SUMMERY OF THE UTILITY MODEL
In order to solve the technical problem that above-mentioned background art mentioned, the utility model provides a to ground insulation protection circuit to ground connection photovoltaic module.
In order to realize the technical purpose, the utility model discloses a technical scheme does:
a ground insulation protection circuit for a grounded photovoltaic module is characterized in that the photovoltaic module is grounded in a single pole and comprises a direct current sampling resistor, a small-resistance ground resistor, a large-resistance ground resistor and a grounding fuse; the direct current sampling resistor is connected with the photovoltaic module in parallel, the large-resistance grounding resistor is connected between a grounding electrode of the photovoltaic module and the ground, one end of the small-resistance grounding resistor is connected with the grounding electrode of the photovoltaic module, the other end of the small-resistance grounding resistor is connected with the ground after being connected with the grounding fuse in series, and the resistance of the small-resistance grounding resistor is smaller than that of the large-resistance grounding resistor.
Further, the resistance interval of the small-resistance grounding resistor is (0, 500K Ω); the resistance interval of the large-resistance grounding resistor is (500K omega, 10M omega).

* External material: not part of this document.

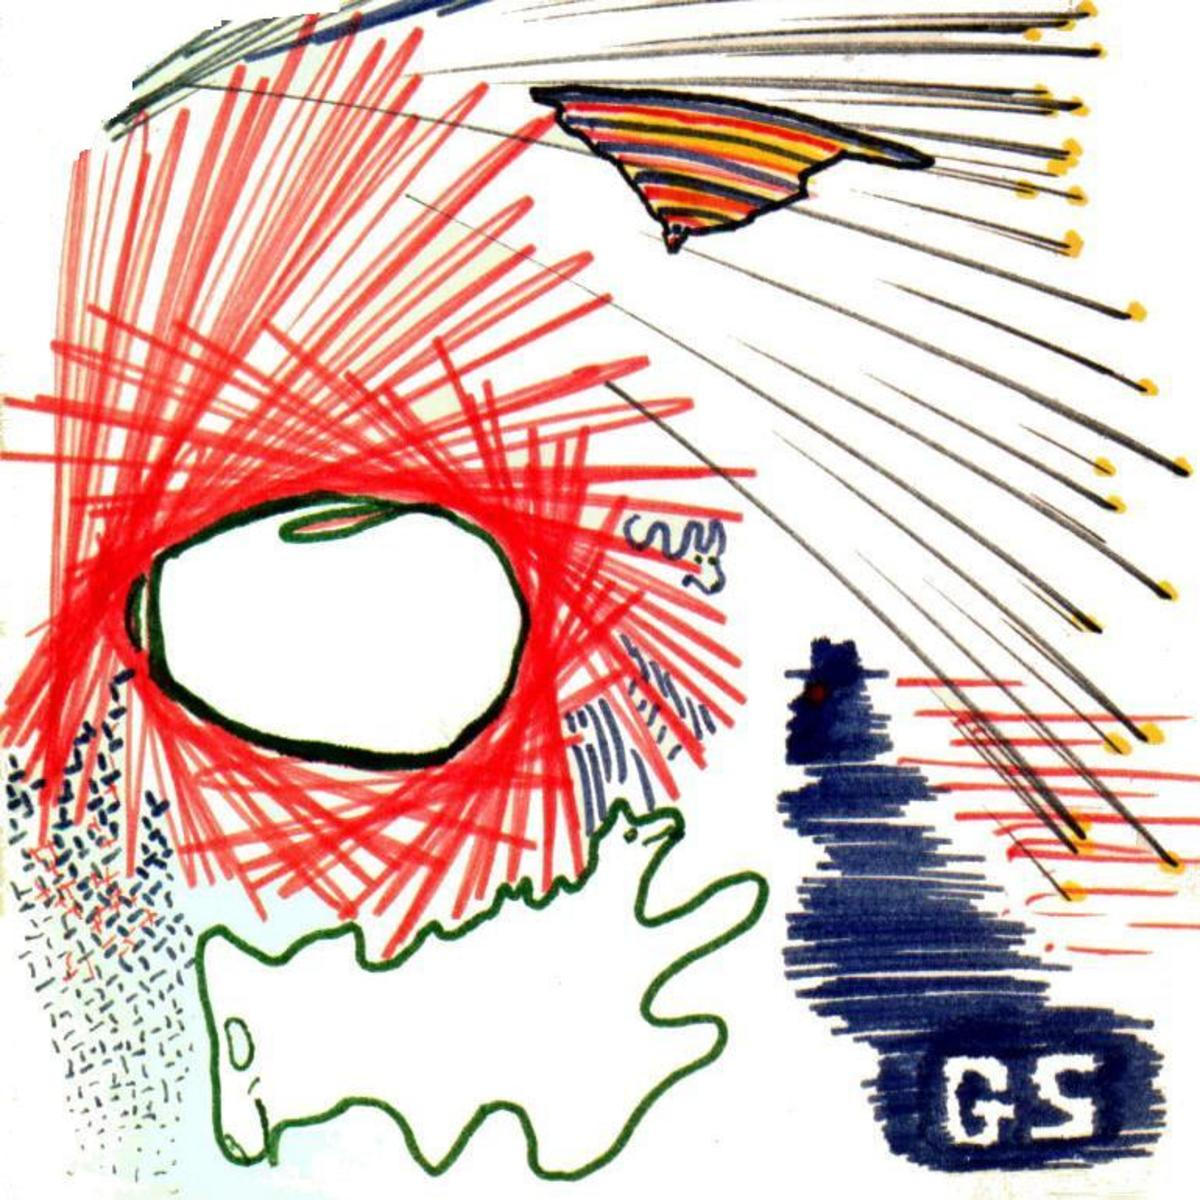 The unconscious mind can communicate through doodles.
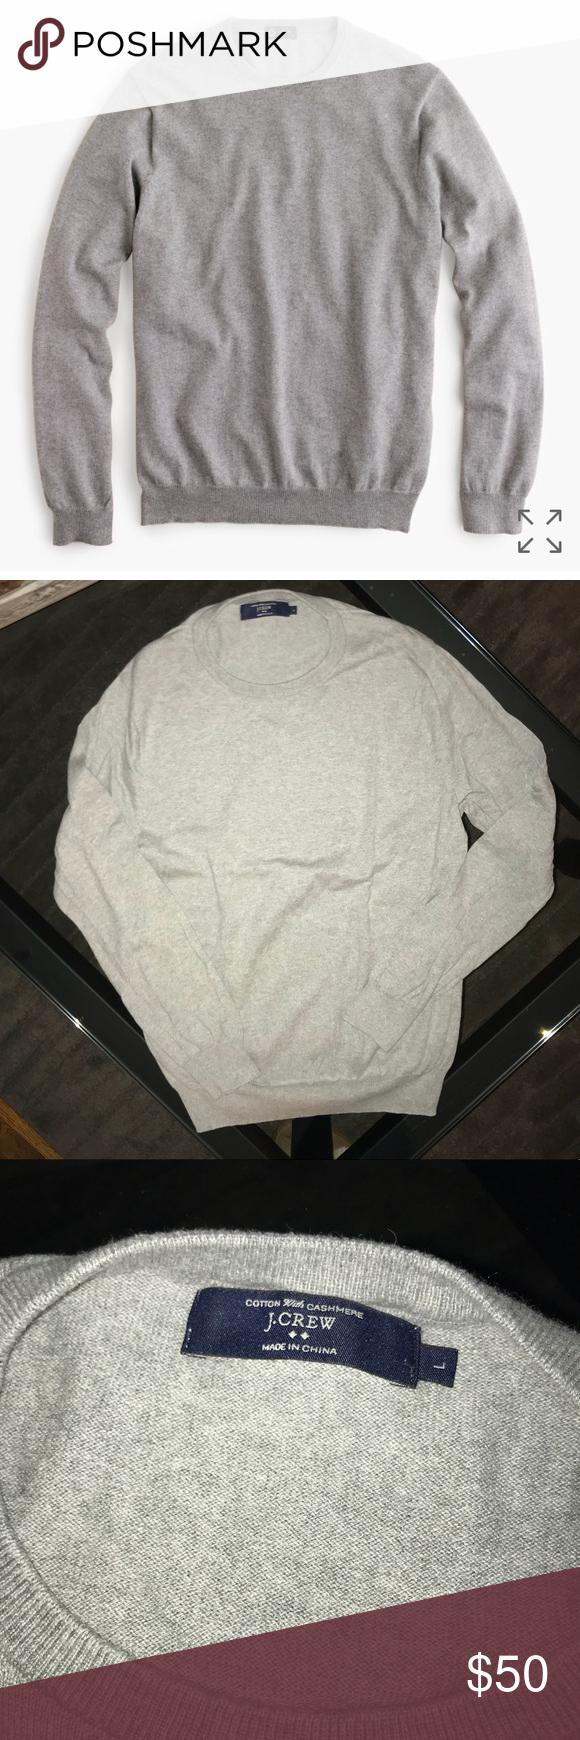 Cotton Cashmere Sweater J. Crew Cotton Cashmere crewneck sweater . Worn once. Perfect condition! J. Crew Sweaters Crewneck

Further, the power of the ground resistor with the small resistance value is larger than that of the ground resistor with the large resistance value.
Further, the direct current sampling resistor, the small-resistance ground resistor and/or the large-resistance ground resistor are connected in series and/or in parallel by a plurality of resistors.
Further, the direct current sampling resistor comprises a first sampling resistor and a second sampling resistor which are connected in series, the small-resistance ground resistor comprises a first small-resistance resistor and a second small-resistance resistor which are connected in series, and the large-resistance ground resistor comprises a first large-resistance resistor and a second large-resistance resistor which are connected in series; the first sampling resistor, the first small-resistance resistor and the first large-resistance resistor are directly connected with the grounding electrode of the photovoltaic module respectively.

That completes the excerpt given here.